There are several obvious points raised by this episode. Strictly on pragmatic grounds, it seems quite ill-advised to subject the most popular leader in Pakistan – the potential next Prime Minister – to trivial, vindictive humiliations of this sort. It is also a breach of the most basic diplomatic protocol: just imagine the outrage if a US politician were removed from a plane by Pakistani officials in order to be questioned about their publicly expressed political views. And harassing prominent critics of US policy is hardly likely to dilute anti-US animosity; the exact opposite is far more likely to occur.

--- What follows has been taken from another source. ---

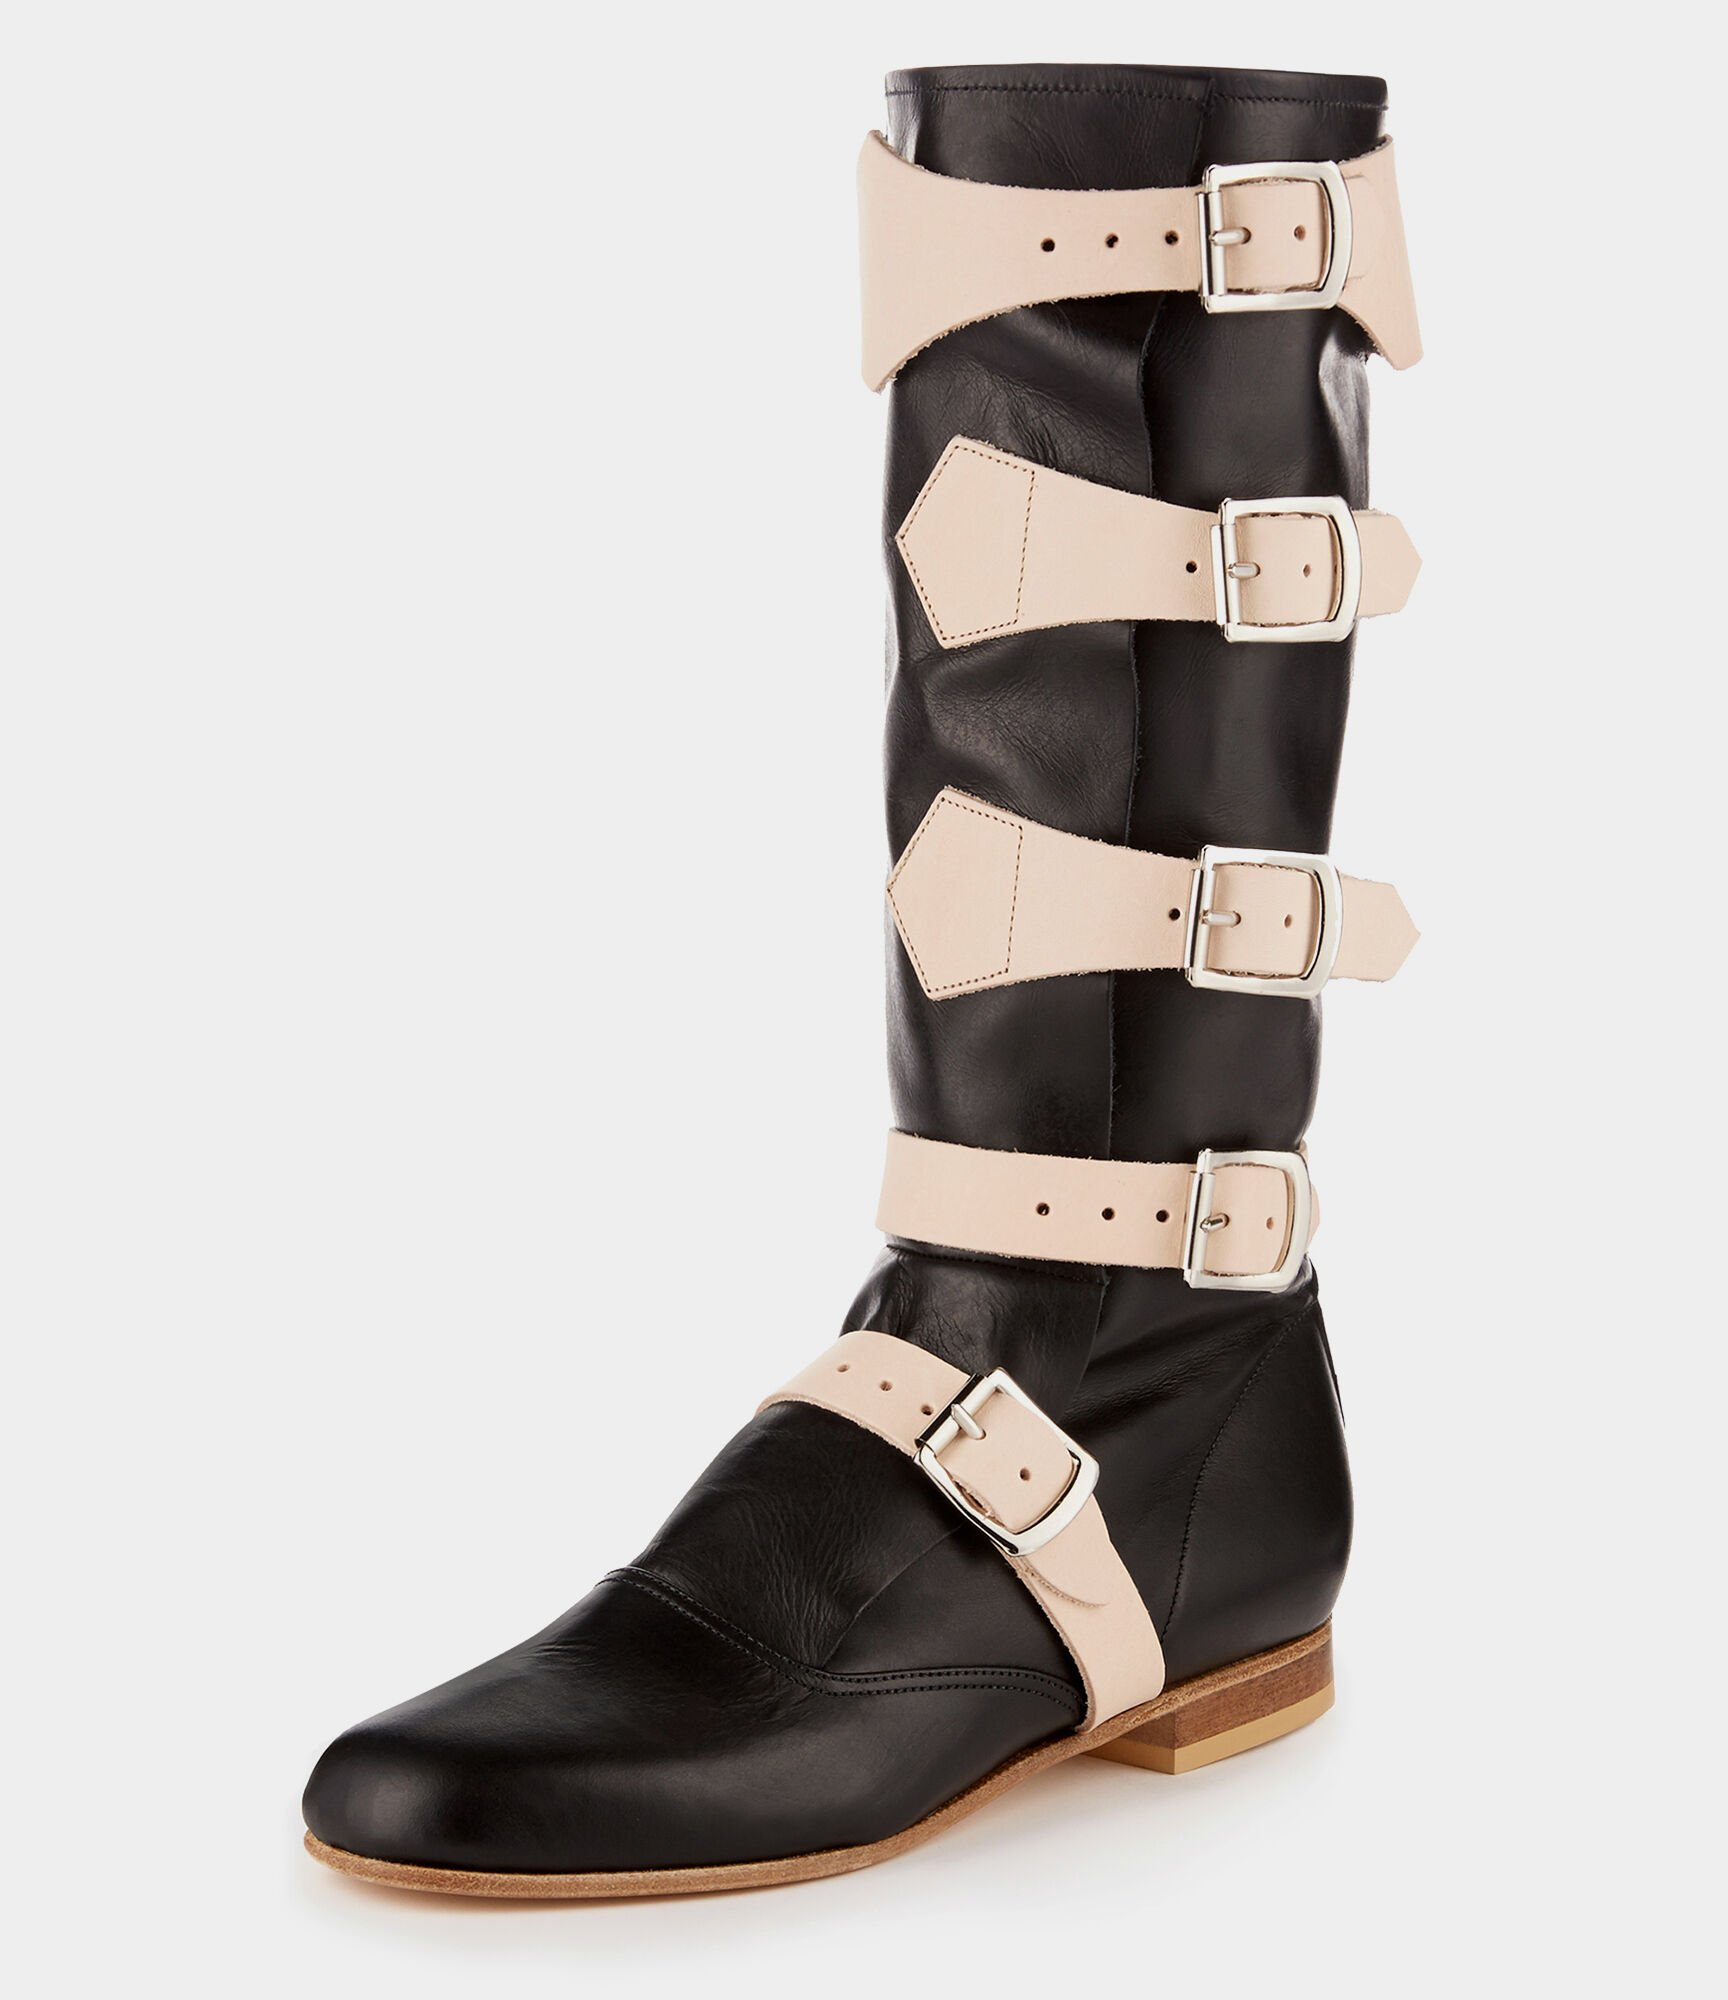 Pirate Boot | Boots Women | Vivienne

But the most important point here is that Khan’s detention is part of a clear trend by the Obama administration to harass and intimidate critics of its drone attacks. As Marcy Wheeler notes, “this is at least the third time this year that the US has delayed or denied entry to the US for Pakistani drone critics.”

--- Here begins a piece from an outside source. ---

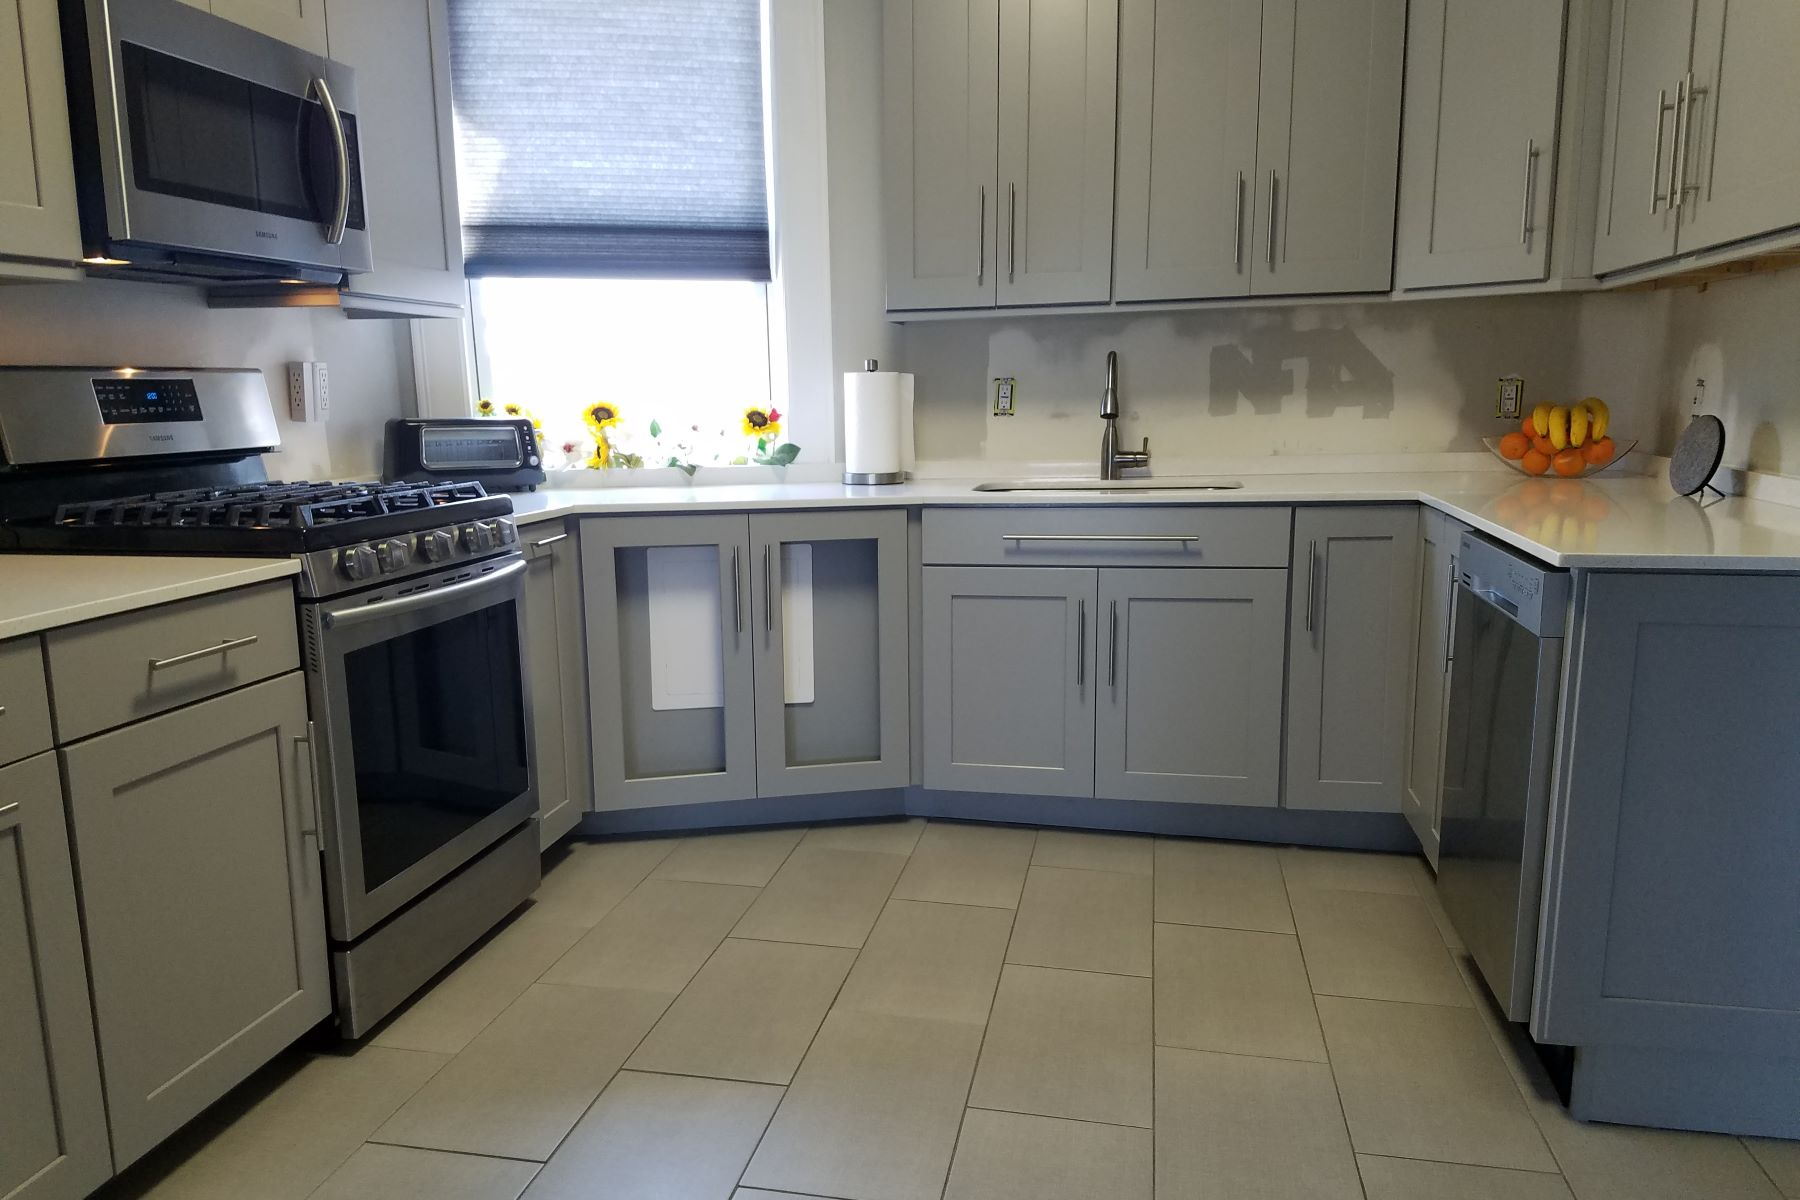 شقة بعمارة للـ Sale في Fantastic renovation on this spacious two bedroom 8508 Kennedy BLVD #D2 North Bergen, New Jersey, 07047 United States

How is that you spell fuck the Obama administration again?  Cuius regio, eius religio, or: Whose realm, his religion. Staggering.

Over six in ten Americans support drone strikes in a recent Pew Poll; I’ve read numbers as high as 68%.  Not a rare breed, it seems, the assholus extraordinarus.

* James Bridle has created a new drone expose website called Dronestagram.

** You can read some human rights groups’ objections to ‘the playbook’ here.

**********************************************************************************************

It was recently brought to my attention that the President spoke to the nation after the students and teachers were murdered at Sandyhook Elementary.  It seem that he read the first names of the twenty children aloud one…by one…and then announced that “God has called them all home.” He then finished by saying, “May He grace those we still have with His holy comfort, and may He bless and watch over this community and the United States of America.”

In his op-ed “God” Who? at Counterpunch, the Reverend William Alberts crossly asks:

What about the children in Iraq and Afghanistan and Pakistan and Yemen and Somalia, who are victims of U. S. drone strikes? These nameless Other are not “called home by God,” but blasted into eternity by the Obama administration’s immoral, sovereignty-violating drone policy. In outraged Pakistan alone, a reported 2,562-3,325 people have been killed by U.S. drone strikes from 2004 to late 2012, “of whom 474-881 were civilians, including 176 children . . . [with the] injured an additional 1.228-1,362 individuals, according to the Stanford/NYU study.” [snip]

Little Shepard Boy

(courtesy of lauras_eye via flickr.com)

The nameless Other and their children are actually victims of an American “God.” A “God who will show up at the end of President Obama’s speeches in his words, “God bless the United States of America”– tried and true codes words for American exceptionalism. And “God” will bless America; for America’s unchallenged military power now even fills the skies, allowing it to live in a parallel universe, determining right and wrong, with a “kill list” of who lives and who dies. Subtly, in this ethnocentric mindset, with much verbal and silent Christocentric blessing and acquiescence, there is little distinction between “God” and America. They become one and the same in the for-power- and-profit global “war on terror.”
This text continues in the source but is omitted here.